I groaned. Would I never get her off this topic?
“Sam came up to me and smashed a pie in my face,” Tristan answered. “And Aunt Lucy and Rebecca’s mom got so angry! Then I threw a pie right back at him! We started a major food fight.”
“Sounds like something out of a Monty Python movie,” I said.
“You like Monty Python?”
“I like Monty Python,” Mom interrupted.
“Hush!” I told her.
“You know,” Tristan said suddenly, “it’s been really nice talking to you.” There was a pause, and he added, “Rory.”
Whoa! I thought. He didn’t call me Mary! “Yeah, it’s been nice talking to you, too.”
On the other end of the line, I heard giggling. I’d totally forgotten about Tristan’s cousins. “Is that Timmy and Hannah?”
“Yeah. I should probably go downstairs and get them some dessert. We’re having a big dinner party and I have to watch them. The other two, Dana and Chris, are in the other room playing Nintendo. I wish Hannah and Timmy were as well entertained.” He paused to talk to his cousins. “I’ll go get you some in a minute! I’m talking to Ror – Mary.”

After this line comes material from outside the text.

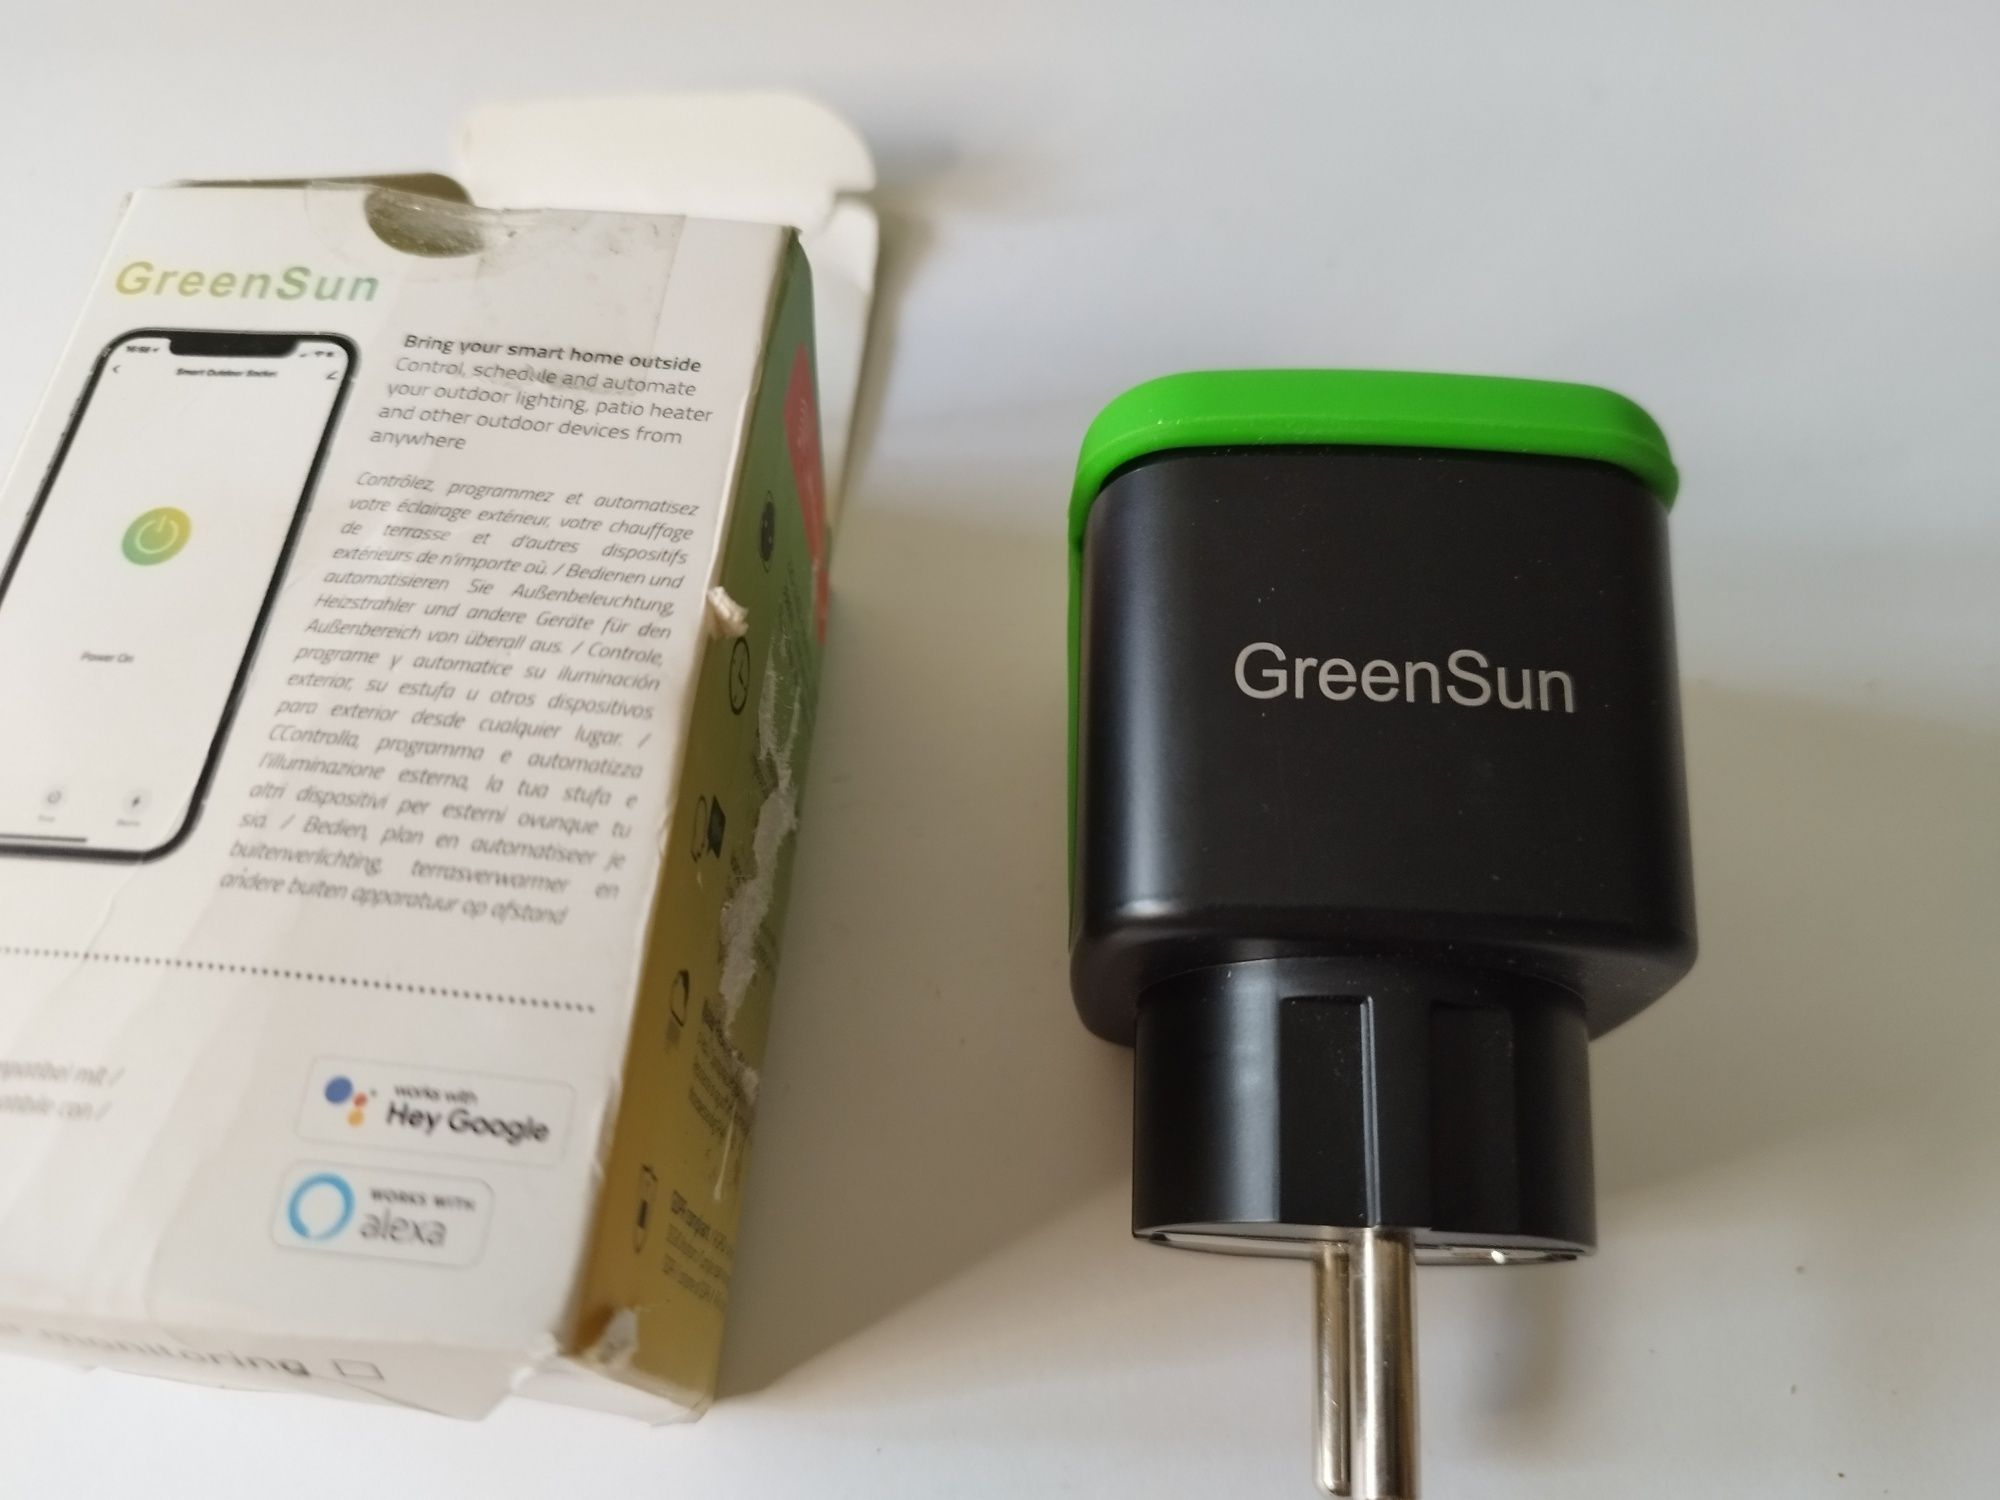 GreenSun gniazdko Wi-Fi, gniazdko ogrodowe z programatorem czasowym, s

“You should probably go,” I said. For some reason, I felt unhappy by the prospect of his leaving. Don’t do this, I said. Don’t like him. He calls you Mary, remember?
“Yeah, I should,” he said. “ The cream puffs melt if you’re not careful.”
“Rory, get off the phone!” Mom said.
“What?” I asked.
“Cream puffs,” Tristan repeated.
“No, not you. I’m talking to my mom. What’s going on?”
“The power’s back on!” she said, dancing around the living room.
The TV flickered on in time to hear the announcer say, “And that was ‘Road to Riches’ for this week. We’ll be back next week with four new contestants.”
"Dang!” Mom repeated.
“Oh,” I said. “Well, bye, Tristan.”
There was no response; just the dial tone.
That made me long for his voice even more.
On Monday, Tristan met me at his locker. “Well, Dean and Paris had a really good time at the art show,” he said.
“Yeah, I guess they did.” I put away my geography book. “What’s that?”
He handed me a bag. “Cream puff. I saved it.”
“Thanks. You didn’t have to do that.”
“Yeah, I did. You had to listen to my rant about Rebecca and Sam.” He leaned down and gave me a very light kiss on the cheek. “Later, Mary.”
I watched him saunter off down the hall, feeling terribly confused. But there was another feeling. Elation? I wondered. Why not?